Exercise requirements:
Among the entries that follow, the required portion opens with the line containing "VIAGGIATA - Mundo" and closes with the line containing "rea clematis fauteuil". Give that portion again exactly, and nothing else.

Data provided:
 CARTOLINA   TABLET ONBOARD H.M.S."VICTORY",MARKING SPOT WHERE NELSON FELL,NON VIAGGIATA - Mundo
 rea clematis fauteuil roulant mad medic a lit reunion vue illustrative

...

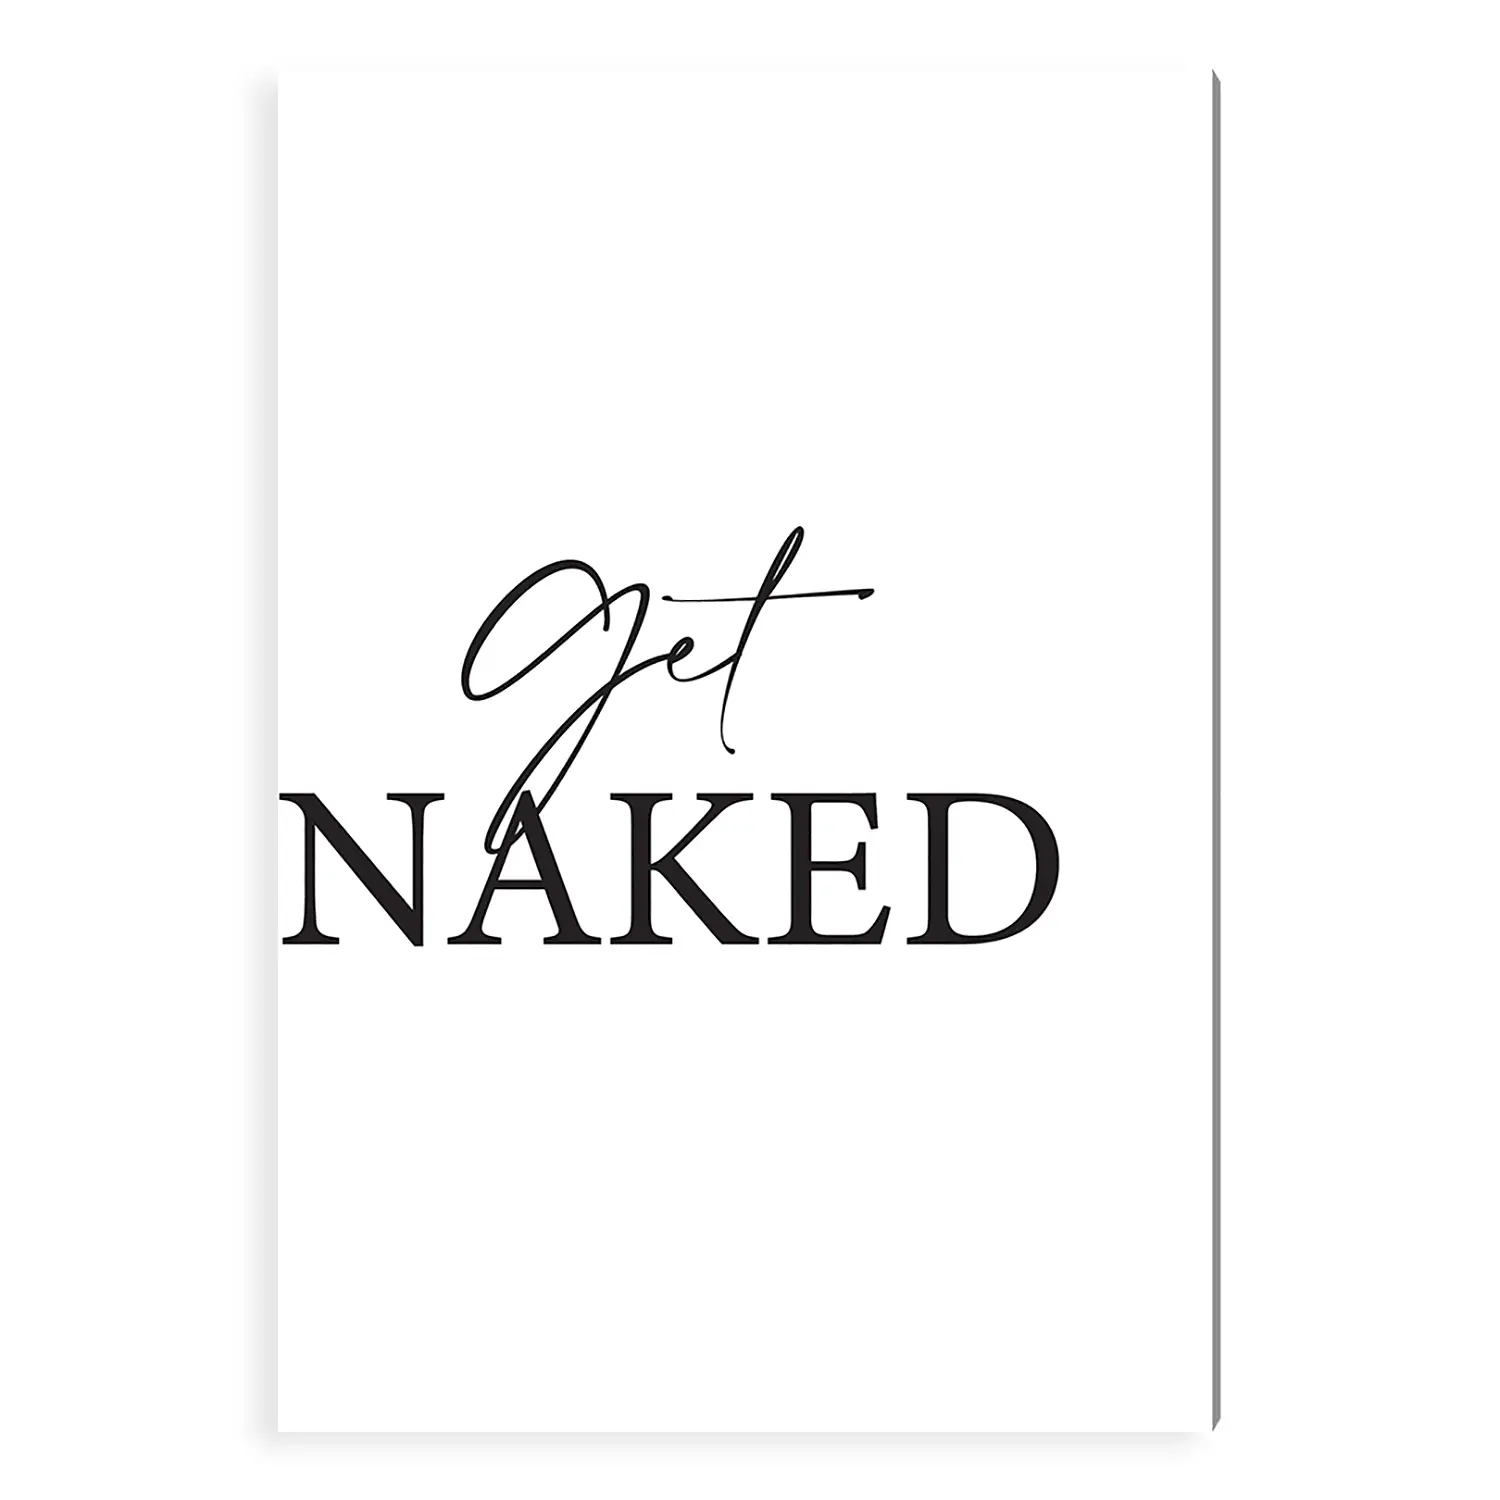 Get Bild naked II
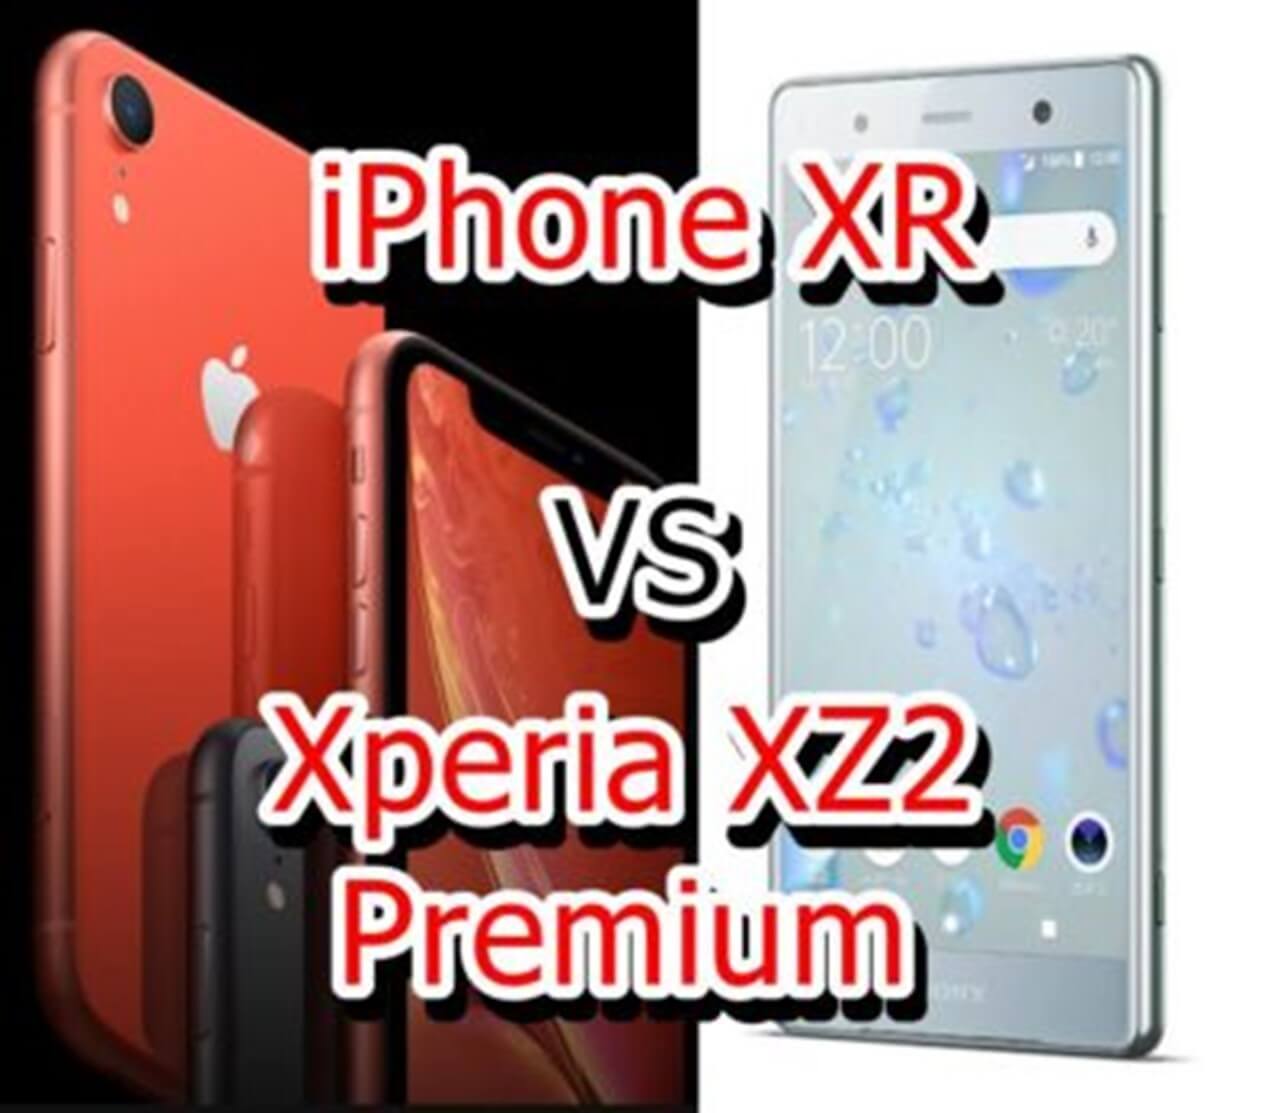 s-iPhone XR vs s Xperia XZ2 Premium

Response area:
 CARTOLINA   TABLET ONBOARD H.M.S."VICTORY",MARKING SPOT WHERE NELSON FELL,NON VIAGGIATA - Mundo
 rea clematis fauteuil roulant mad medic a lit reunion vue illustrative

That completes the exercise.